(IPS) - Cooperatives in Venezuela, which are mushrooming at a rate of over 100 a day, have become a mechanism through which the government is distributing windfall oil profits to the people.
"But it's true that these aren't really cooperatives in the traditional sense," the national superintendent of cooperatives, Carlos Molina, told IPS. "Actually, they are one of the tools employed by the state as part of its policy of inclusion (of marginalised sectors) and its aim to achieve a more just distribution of wealth."
The new cooperativism in Venezuela differs from the modern cooperative movement that traces its history back to the small town of Rochdale, England, where 28 flannel weavers saved a few pennies a week for a year until they had enough to open a co-op store in December 1844.
In Venezuela, under a law on cooperatives decreed in 2001 by the government of left-leaning President Hugo Chávez, any group of at least five people can easily register a new cooperative through a quick process that involves few bureaucratic hurdles.
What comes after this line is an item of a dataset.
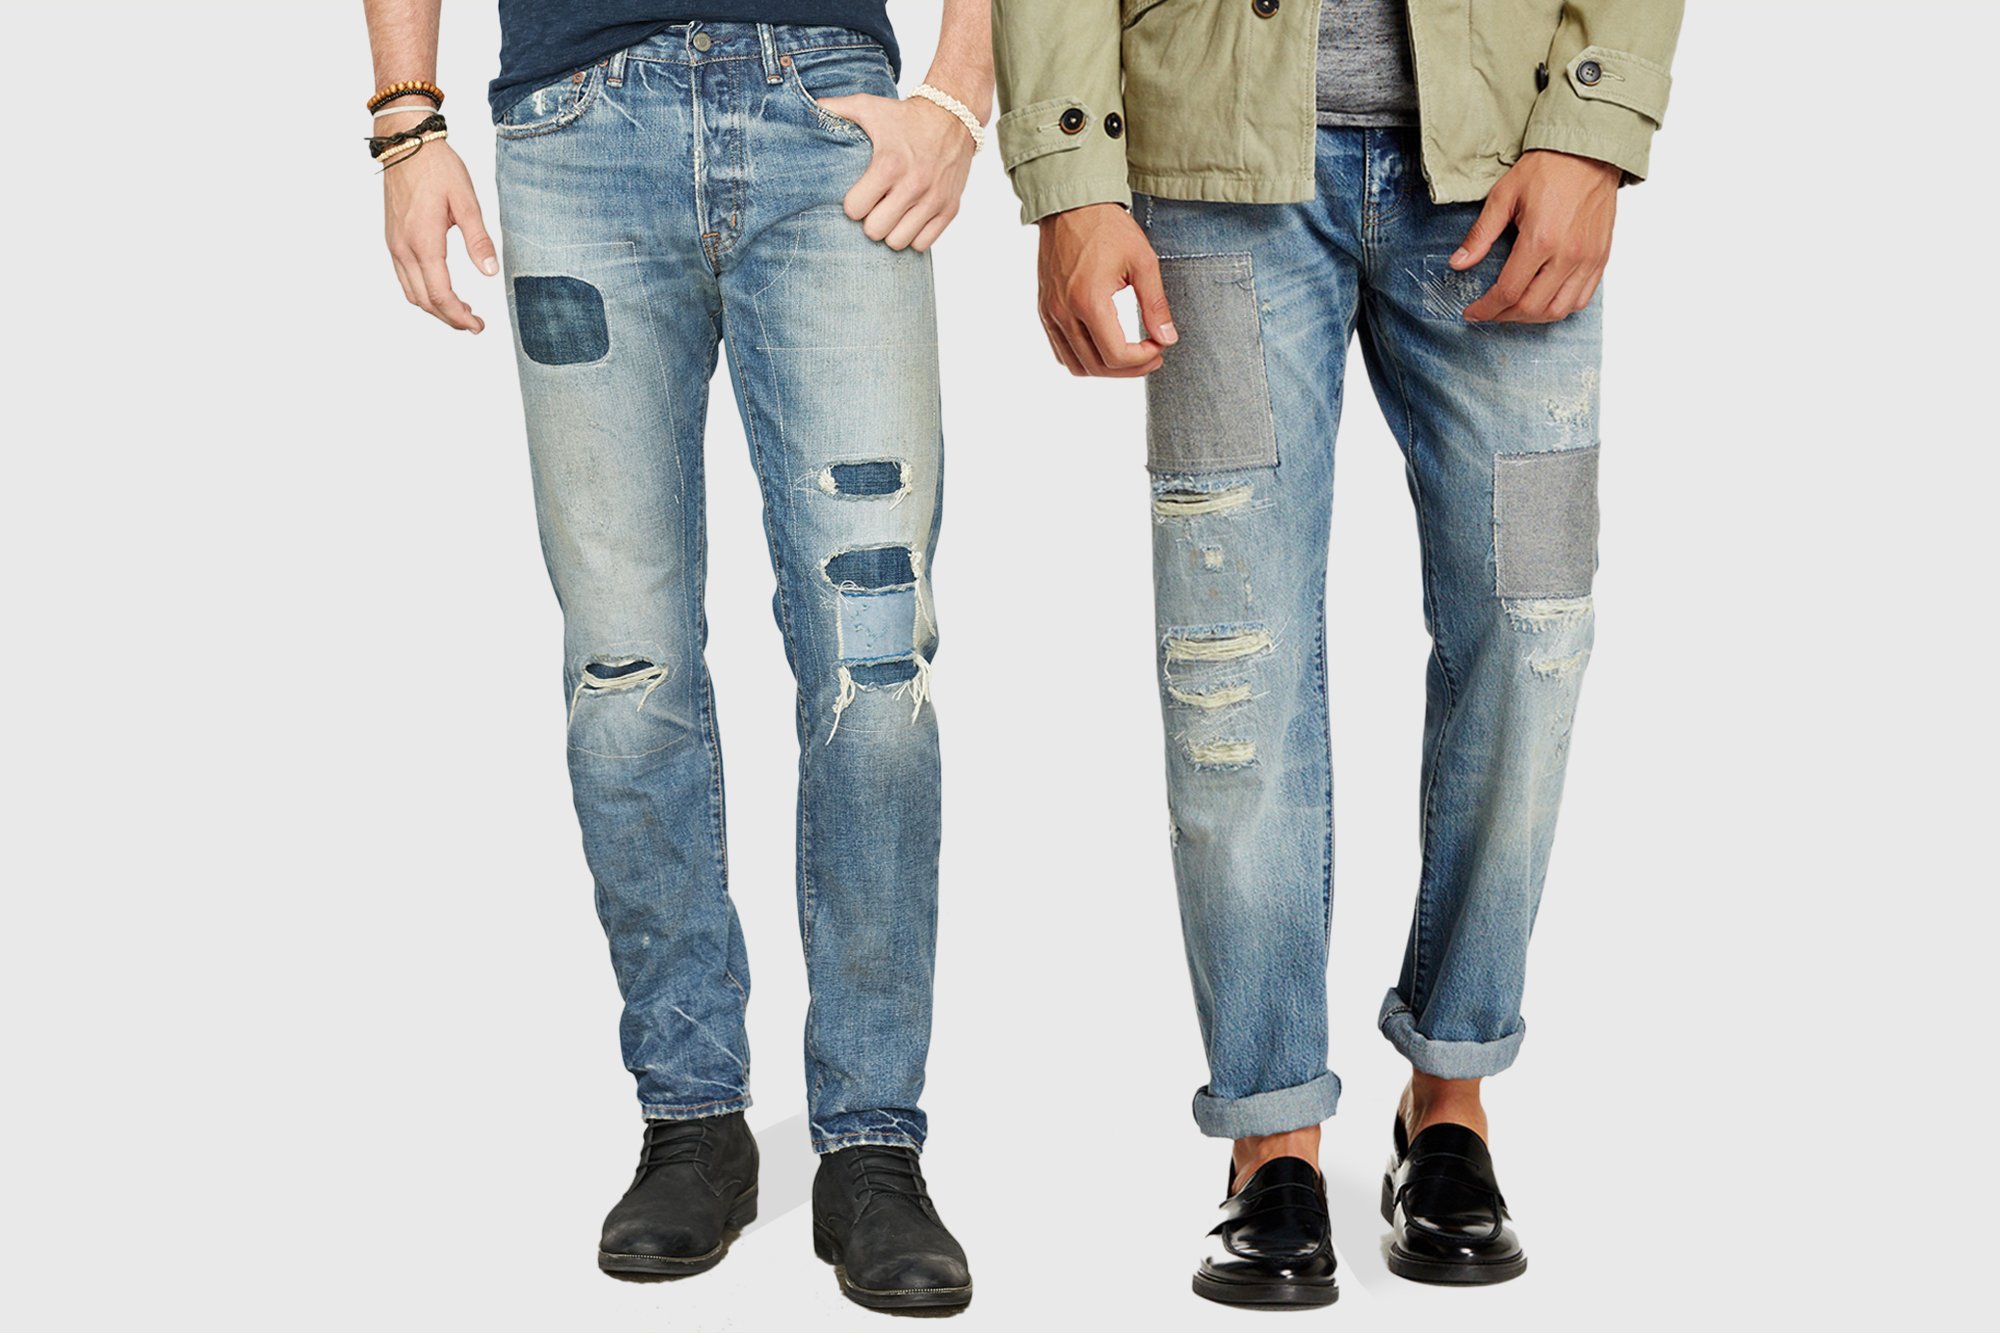 Мужские джинсы распродажа. Джинсы Denim мужские. Джинсы мужские на белом фоне. Мужчина в джинсах. Джинсы с футболкой мужские.

Venezuela's cooperative movement emerged in 1959. Forty years later, when Chávez was elected, there were 870 cooperatives in the areas of credit, transport and other services, although only half were successful to any degree, according to the movement's spokespersons.
More than 1,000 new cooperatives were established in 2001, and more than 2,000 the following year. But since the government approved an enormous increase in funding for cooperatives in 2003, the number has skyrocketed, with 18,000 founded in 2003, 36,000 in 2004, 41,000 in 2005 and more than 20,000 so far this year.
In this country of 26 million, which has an economically active population of 12 million, "we have 132,000 cooperatives, with approximately 1.3 million associates," said Molina.
April set a new monthly record, with the creation of 5,761 cooperatives.
Sixty-two percent of the cooperatives are in the services sector, 32 percent are involved in the production of goods, and the rest are credit or housing associations, or serve a social function (providing funeral services, for example), according to the superintendency.
"It is still early to talk about a third sector of the economy (as opposed to the state and the private sector), because we first need to conduct a census that would indicate what the cooperatives contribute to the country's gross domestic product," said Molina.